In its final earnings report as a publicly traded company before its $7.9 billion buyout by MGM Mirage is completed, Mandalay said its fourth-quarter earnings declined 28.1 percent from the prior year because January's rainfall -- three times above normal totals in the Los Angeles area, according to the National Weather Service -- kept many California visitors from making the drive to Las Vegas on Interstate 15.
Unlike most traditional reporting periods, Mandalay's fourth quarter ended Jan. 31, rather than Dec. 31.
The news sent shares of MGM Mirage downward on Friday on speculation that the weather would have the same effect on other Strip resorts.
MGM Mirage closed at $75.15 after fluctuating much of the day, dipping to a low of $73.91. Shares in the company were off 52 cents, or 0.69 percent.
Caesars Entertainment, another operator with significant Strip holdings, wasn't affected by the Mandalay news with its shares closing the day at $20.30, up 15 cents, or 0.74 percent.
Gaming analysts tended to think the news was just a one-day blip.
Several notes to investors issued Friday said other indicators show the first quarter, which traditionally ends March 30, will continue to shine brightly on Strip operators.
Larry Klatzkin, a gaming analyst with Jefferies & Co., said Mandalay's lower end properties -- Circus Circus and Excalibur -- that rely on drive-in customers were the properties mostly affected by the weather.
"While the rainfall could possibly have a negative impact on MGM Mirage's first-quarter results, we note that it is an unusual event and not an ongoing concern," Klatzkin wrote.
"Additionally, we believe the Super Bowl and Chinese New Year were strong draws in Las Vegas in February and could offset some or possibly all of the impact of the weather."
Deutsche Bank gaming analyst Marc Falcone said he expected shares of MGM Mirage and Caesars Entertainment would be affected by the Mandalay news.
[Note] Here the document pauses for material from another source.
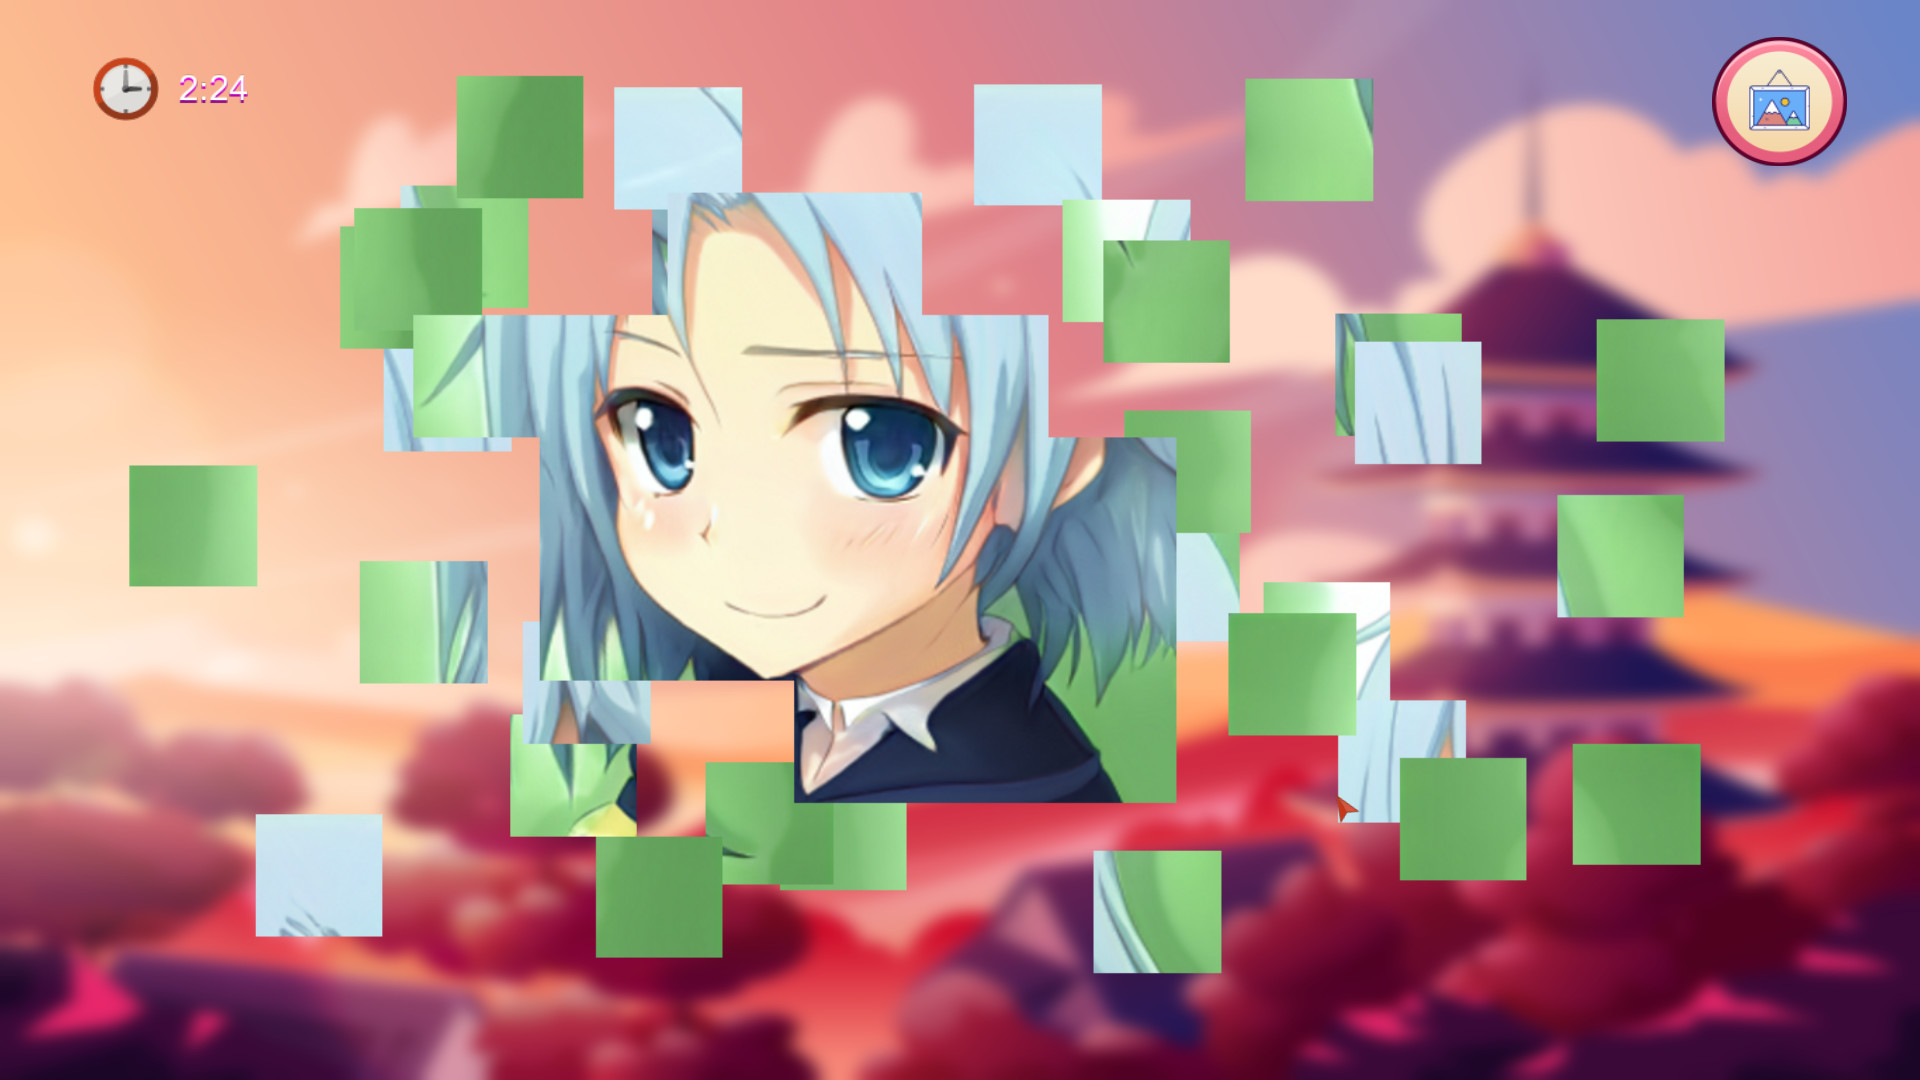 Anime puzzle Free Download

But, the drop would be short-term.
"Mandalay Resort Group's results are not indicative of soft trends across the Strip, in our view," Falcone wrote. "We believe Strip trends for both MGM Mirage and Caesars have been quite strong this quarter."
Susquehanna Financial Group gaming analyst Eric Hausler said based on room price surveys and two recent trips out West, Las Vegas remains a strong customer draw.
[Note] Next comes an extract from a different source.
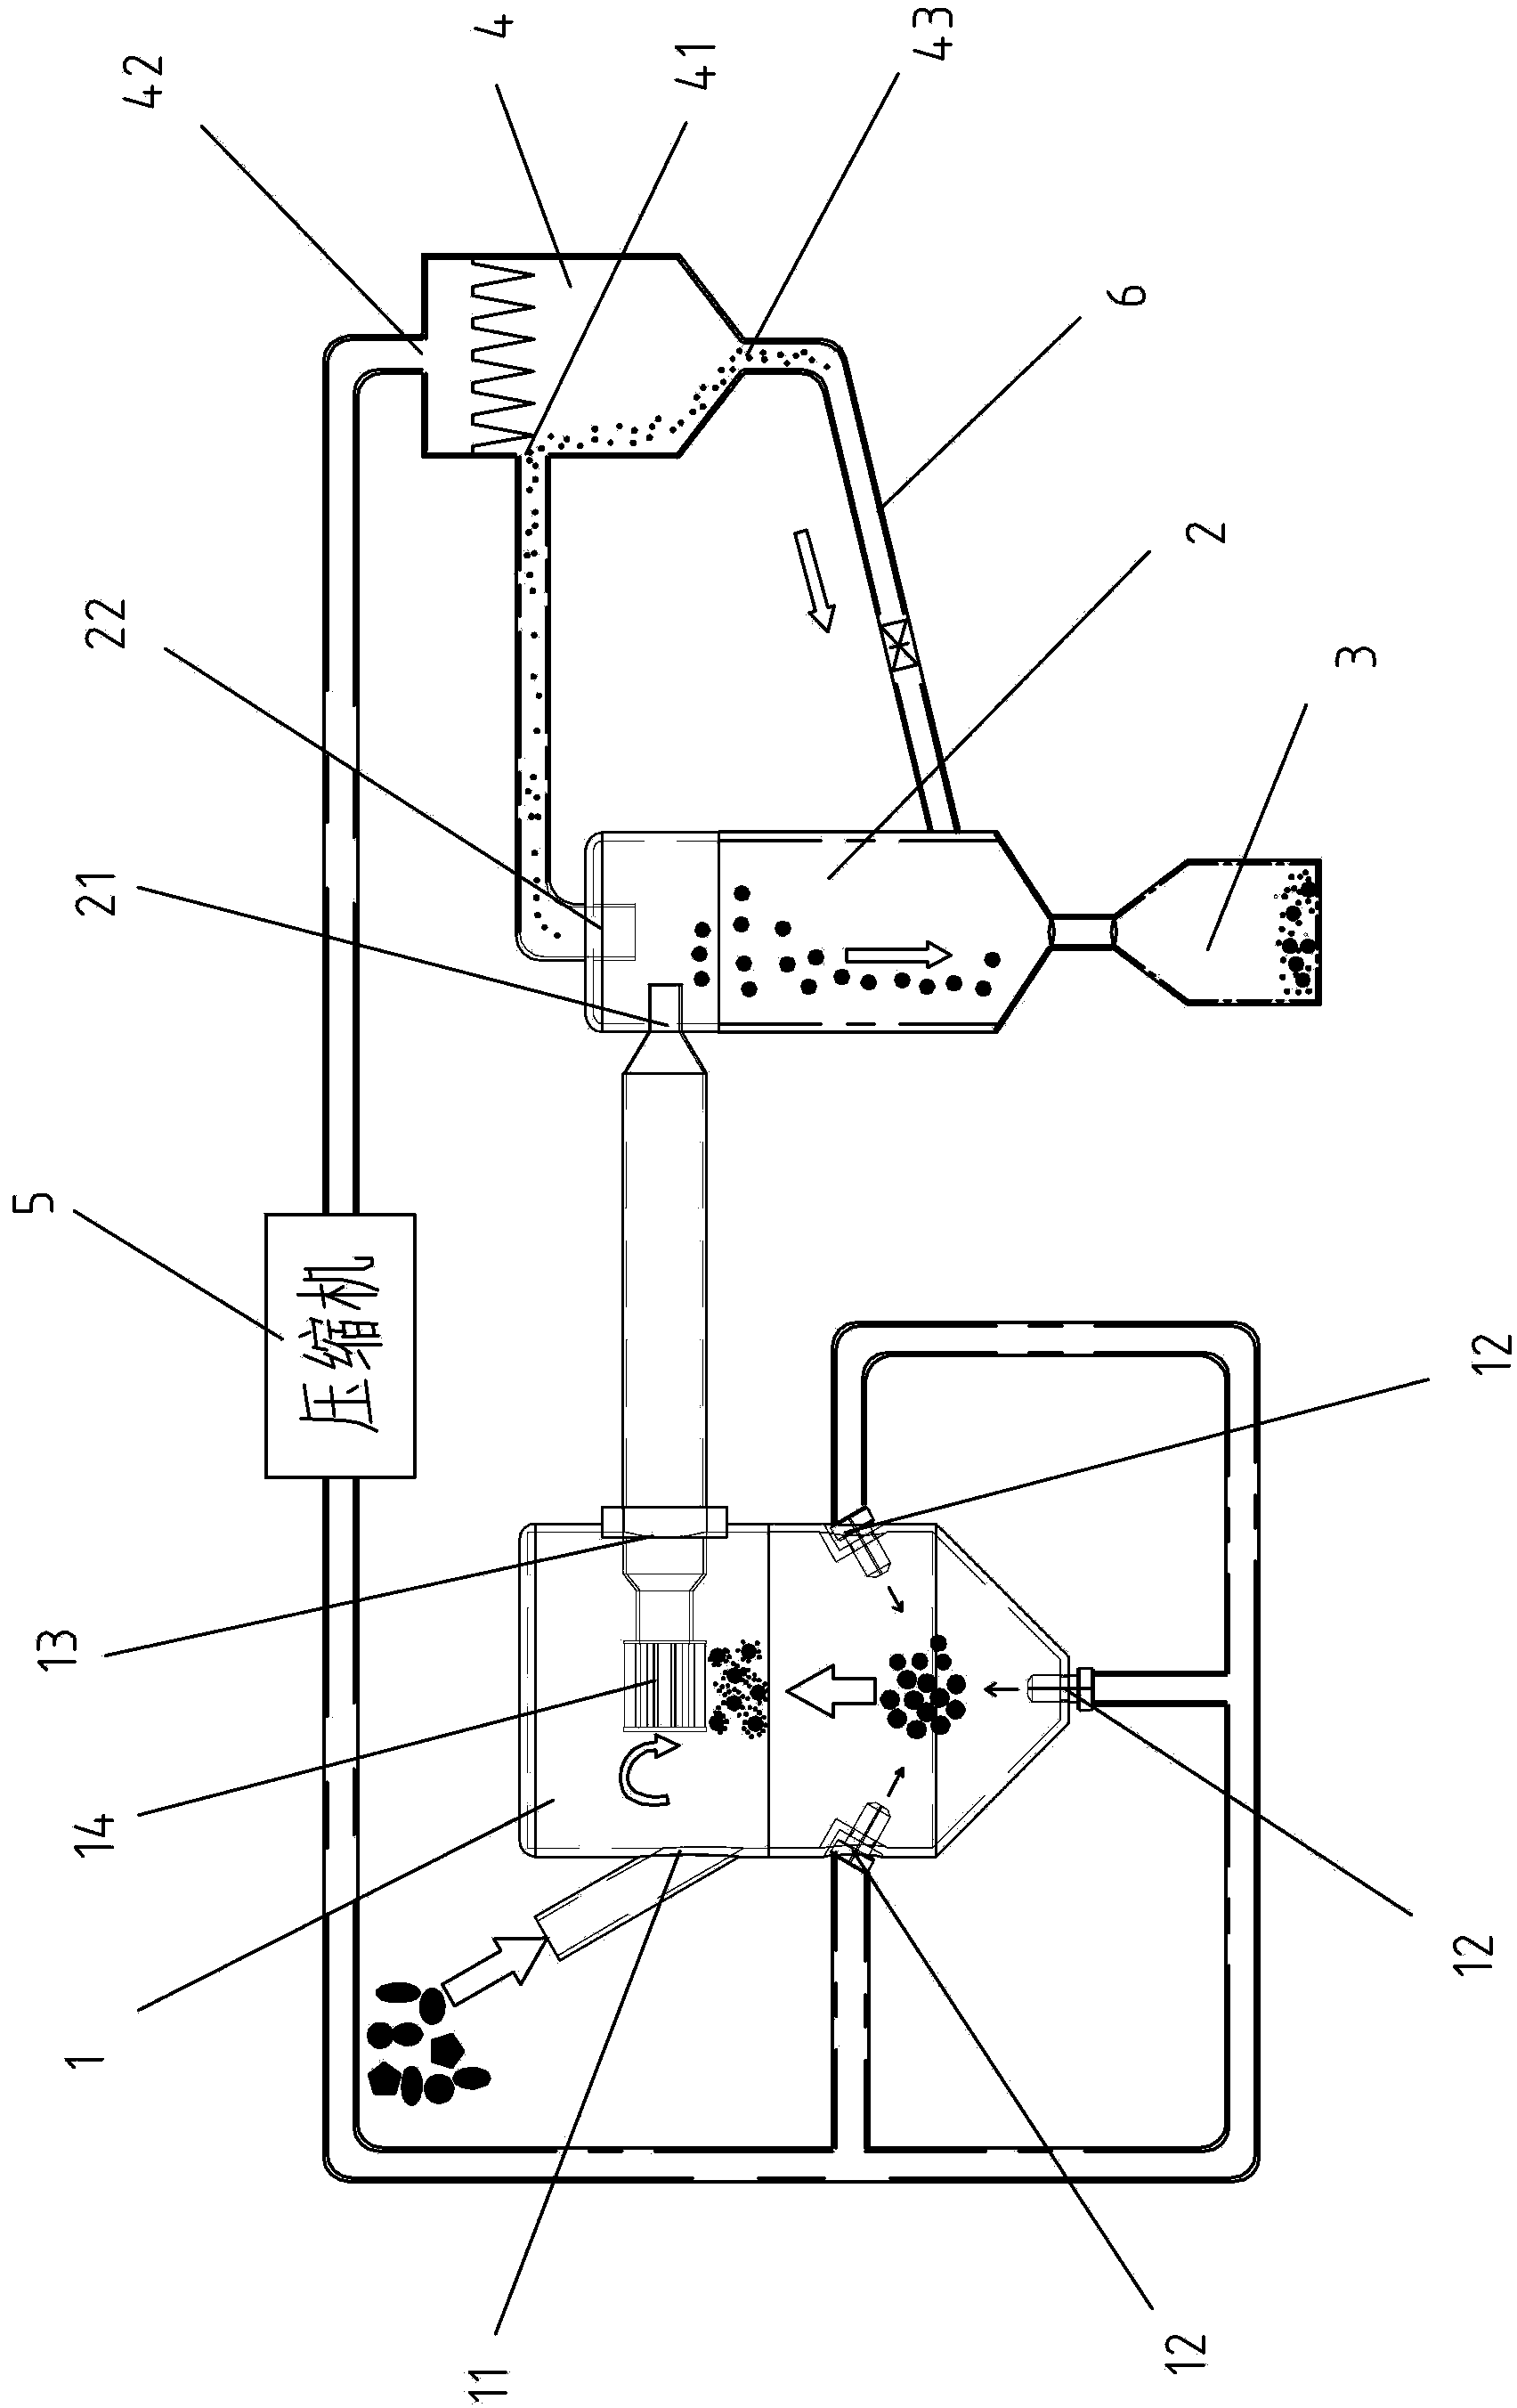 Sintered Nd-Fe-B magnet manufacturing method and device

Hausler said the Mandalay earnings are not a predictor of an impending business drop-off.
"Our channel checks indicate that March looks robust with record hotel rates posted for March Madness, which is set to begin March 17," Hausler wrote.
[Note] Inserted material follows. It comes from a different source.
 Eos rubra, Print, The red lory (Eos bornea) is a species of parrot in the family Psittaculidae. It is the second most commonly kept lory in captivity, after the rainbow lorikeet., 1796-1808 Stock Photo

"We continue to believe a strong first quarter will be reported by the Las Vegas operators, while the opening of Wynn Las Vegas at the end of April should drive strong traffic to the city in May and June. The convention calendar looks solid with several large conventions taking place in the remainder of first quarter and second quarter. Overall, we do not view Mandalay's results as the first sign of a slowdown in Las Vegas."